Figures 4 and 5 show the results of the proposed optimization with the gluteus maximus and medius muscles in the Visible Korean Human dataset. The optimization to the optical image was used as a reference to obtain the upper limit of the accuracy of the proposed method. In the gluteus maximus, both tensor vector angle error and fiber distance error were smaller than the previous method (i.e., initial estimate) after the proposed optimization. The accuracy with CT image was almost the same as optical image, which can be attributed to the relatively thick fat tissue between the muscle tissue, resulting in sufficient contrast in CT to determine the fiber trajectory. On the other hand, the fat tissue in anterior region of the gluteus medius muscle is thin and does not have contrast in CT, resulting in low estimation accuracy as shown in 4th and 5th columns in Fig. 5b. As a preliminary attempt, we tested if a small amount of user interaction improves the reconstruction accuracy. In DRR as in Fig. 1a, some of the fiber trajectories are visible, so we tried to provide those fiber lines interactively by an expert. The orientation of manually provided fibers were used in the cost function same as the image-derived structure tensor. The result in Fig. 5c demonstrated improved reconstruction accuracy by the user-provided 11 fiber lines. The mean fiber distance error of 6.00 mm with the previous method in the gluteus maximus decreased to 2.78 mm after the proposed optimization to CT, and from 5.28 mm to 3.09 mm in the gluteus medius without using the user-provided fibers. Figure 6 shows the reconstruction results on clinical CT of four example patients.

Fig. 6.
figure 6

Reconstruction of fiber arrangement from clinical CTs. Results of the gluteus maximus muscle of 4 (out of 20) example patients are shown.

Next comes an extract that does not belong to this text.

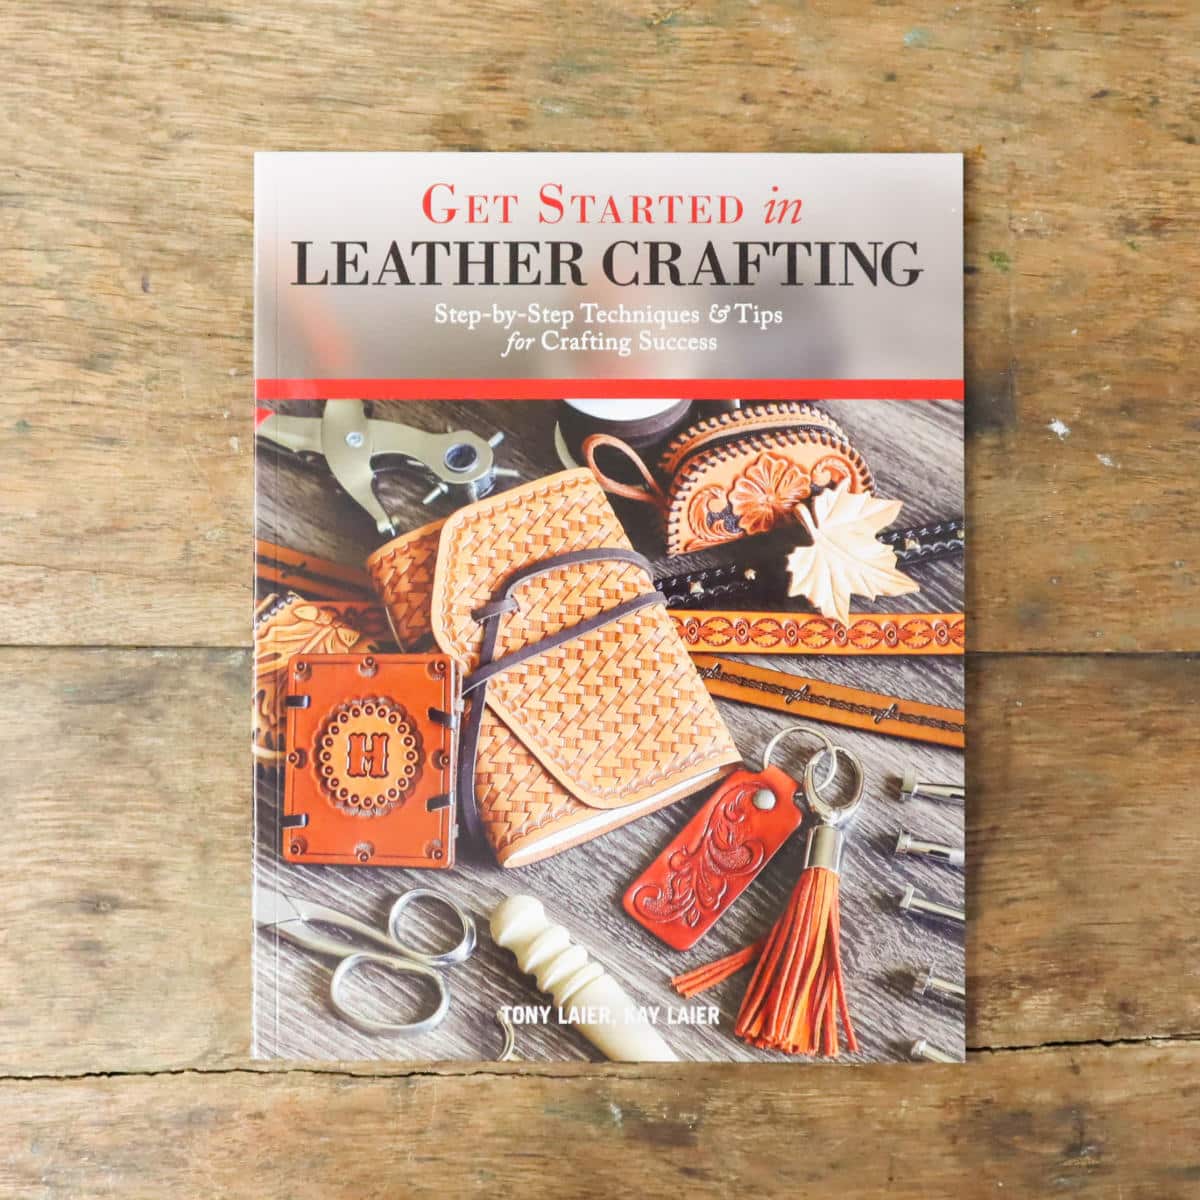 Getting Started in Leathercrafting

4 Discussion and Conclusion

We proposed a method to estimate patient-specific muscle fiber arrangement from clinical CT images. The experimental results suggested that the proposed method works accurately on the gluteus maximus muscle and posterior part of the gluteus medius muscle, but the anterior part exhibited lower accuracy, which was improved by few interactively provided fiber lines. Analysis of muscle fiber structure from clinical CT is especially beneficial for patient-specific biomechanical simulation in a clinical routine, because CT acquisition is stable (i.e., sensitivity of the acquired image to the scan environment is low) and can cover a large muscle quickly without the effect of motion artifact taking advantage of an increasing trend toward extremely low-dose scanning by an advancement of the detector technology and reconstruction algorithms, as opposed to MRI which requires a careful protocol design and is sensitive to the scan environment. One limitation of the current work concerns the demographic bias of the patient. Our clinical CTs tested in this study were obtained from a database of patients who were subjected to total hip arthroplasty surgery, where female accounts for a large fraction, thus all of our target images were female, which generally has more fat tissue between the muscle tissue which better facilitates determination of the fiber orientation. Nevertheless, this study showed a potential advantage in female patients with hip disorders where biomechanical simulation is especially valuable. Our future work includes further evaluation using cadaver specimens and a large-scale population analysis of in vivo skeletal muscle fiber arrangement.